PROBLEM REQUIREMENTS — The whole listing below, with no pictures, is to be repeated as it stands.

THE DATA —

■ ■ ■ ■

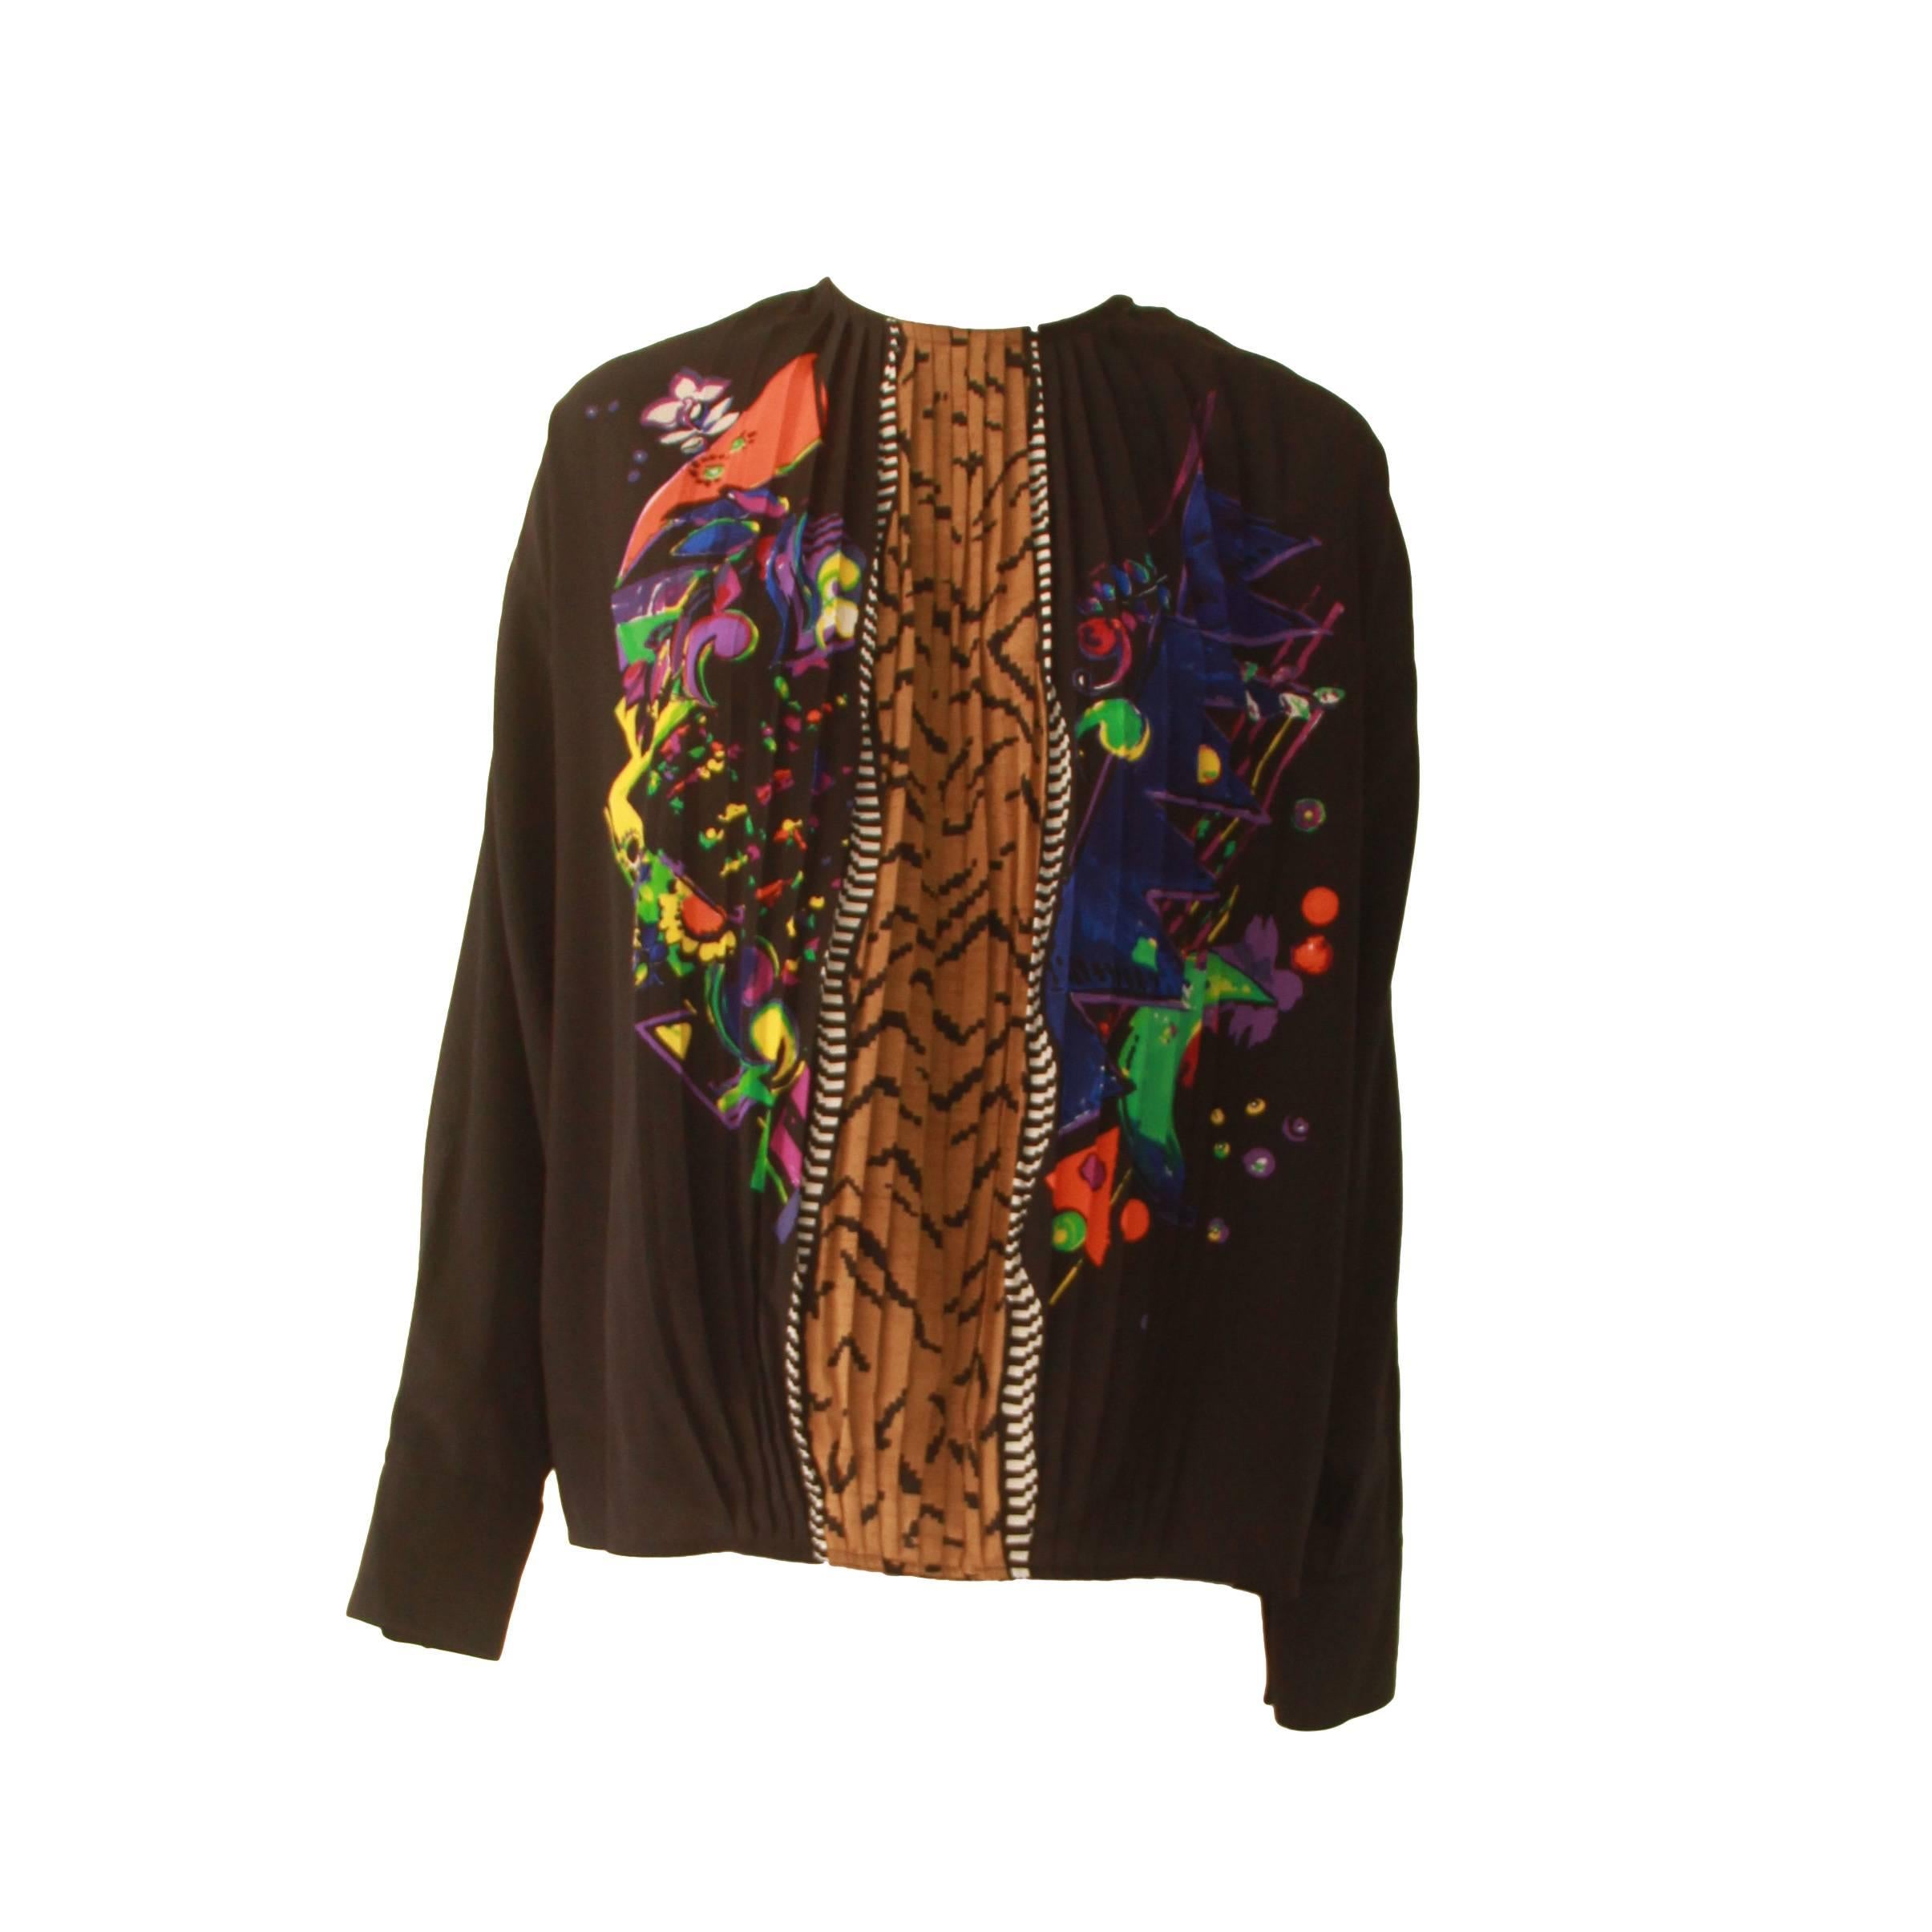 Very Rare Gianni Versace Silk Plisse Printed Shirt Fall 1989 For Sale
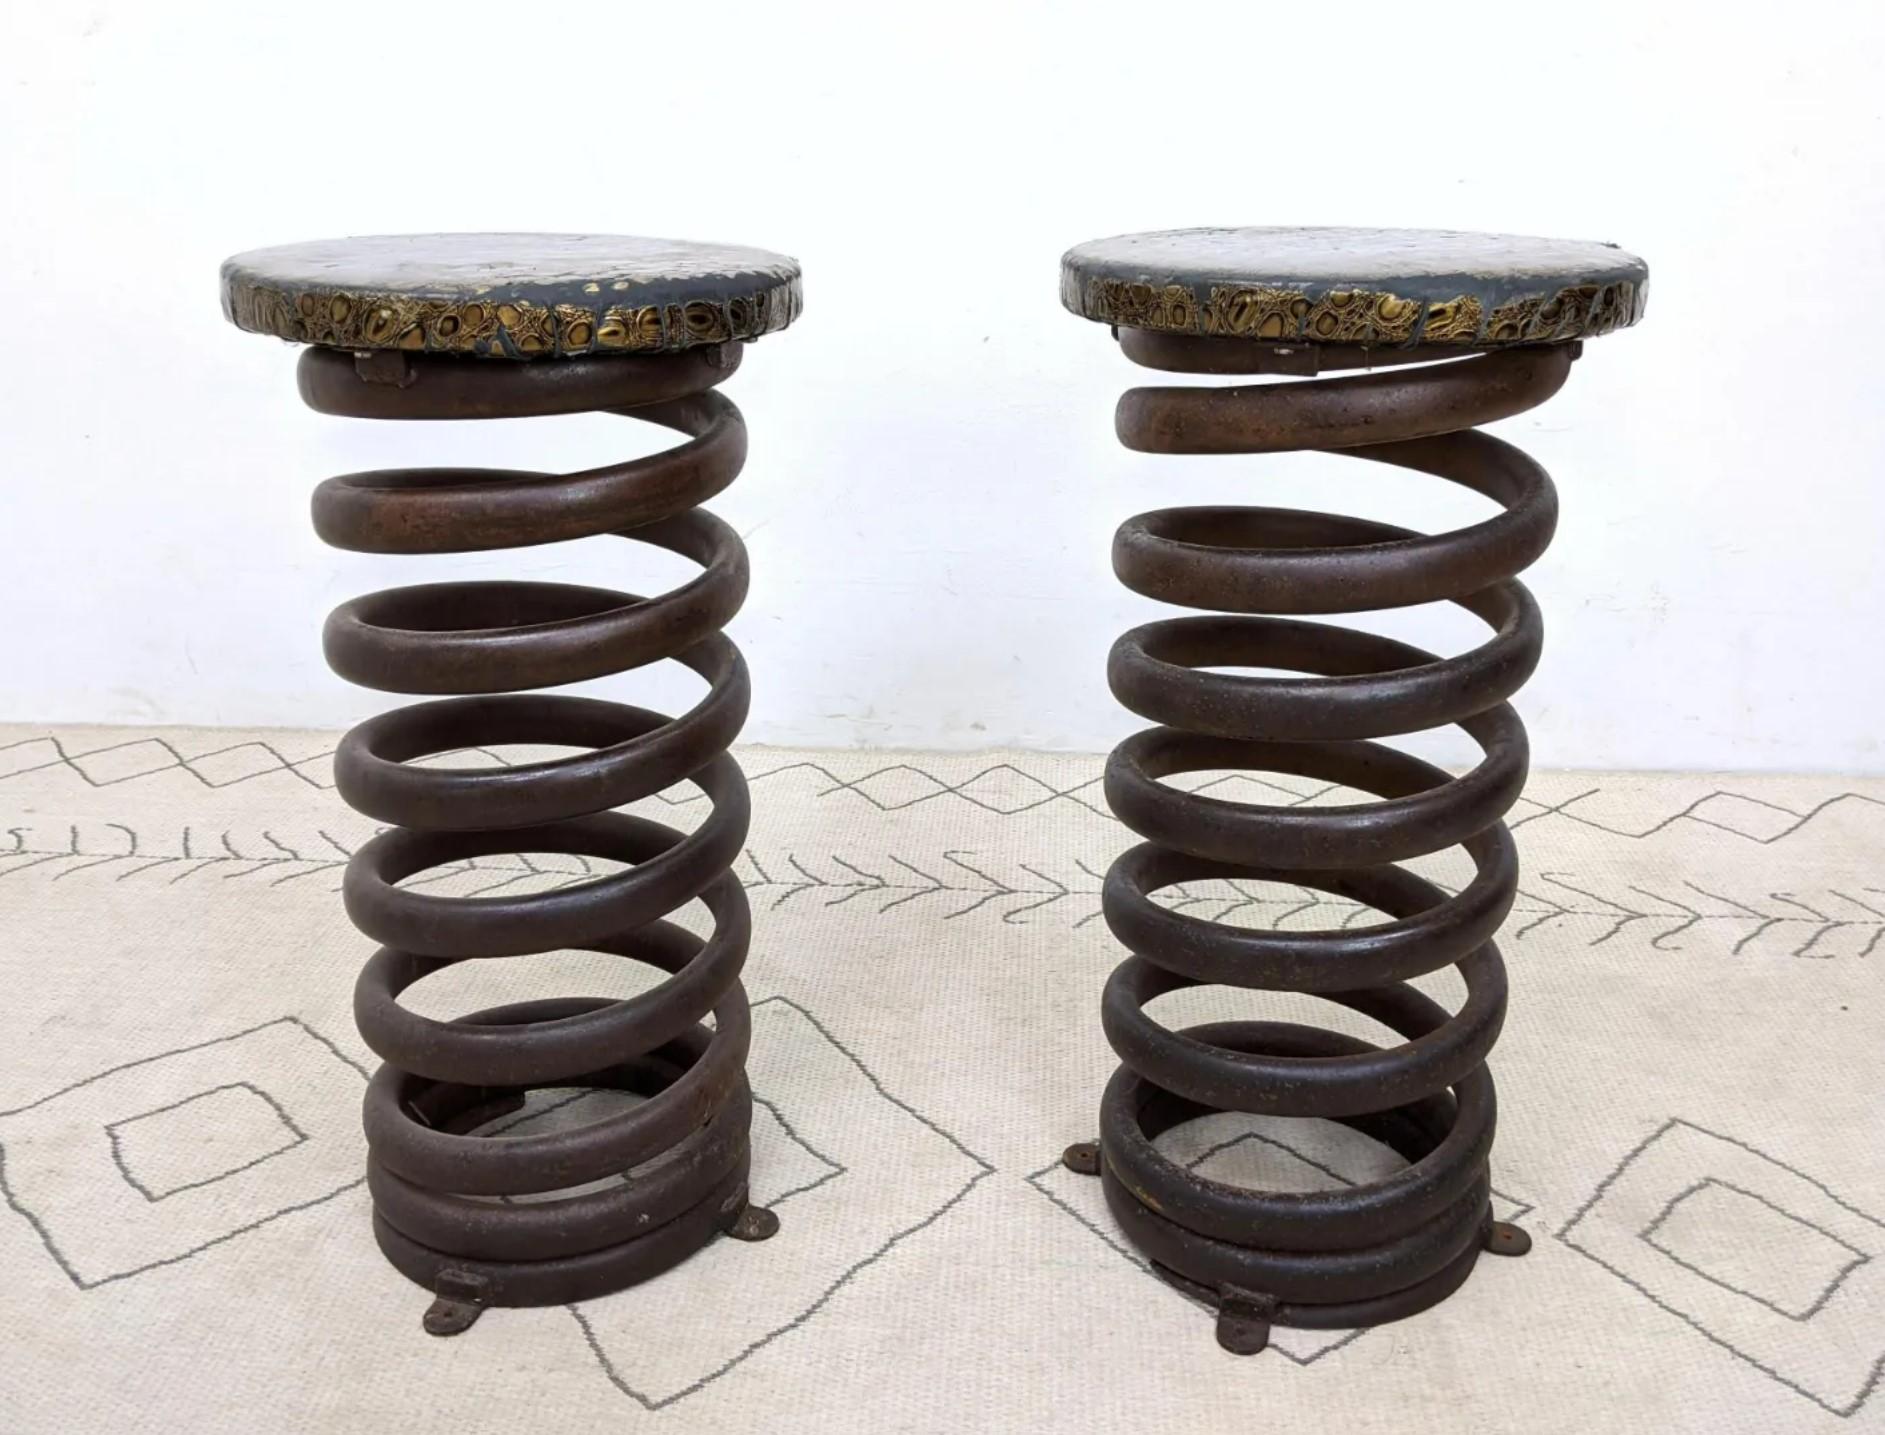 For you consideration, a super cool pair of industrial heavy steel coil or spring bar stools. Comfortable, yes! Cool, for sure! Super well-made. Sturdy and heavy. Rock the distressed Faux-leather or get them recovered. Solid and sturdy, not easy to
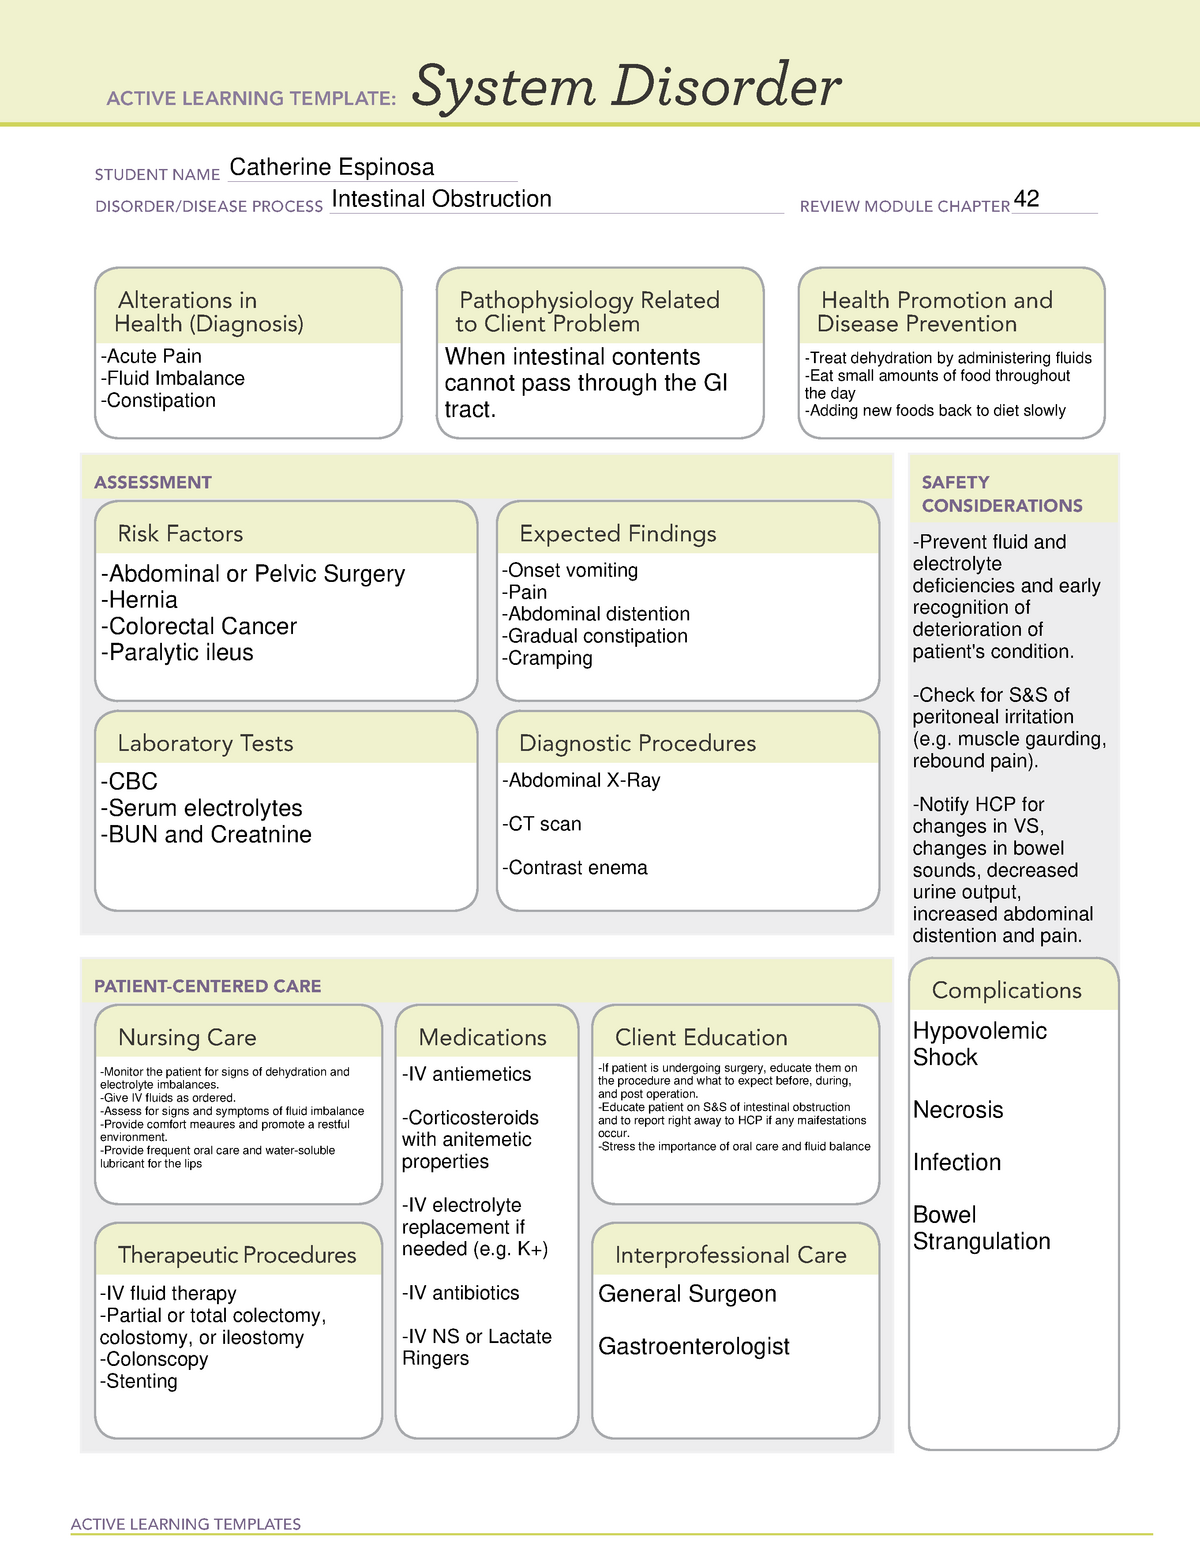 Intestinal Obstruction System Disorder ACTIVE LEARNING TEMPLATES

■ ■ ■ ■

SOLUTION TO THE EXERCISE —
 Very Rare Gianni Versace Silk Plisse Printed Shirt Fall 1989 For Sale
 For you consideration, a super cool pair of industrial heavy steel coil or spring bar stools. Comfortable, yes! Cool, for sure! Super well-made. Sturdy and heavy. Rock the distressed Faux-leather or get them recovered. Solid and sturdy, not easy to
 Intestinal Obstruction System Disorder ACTIVE LEARNING TEMPLATES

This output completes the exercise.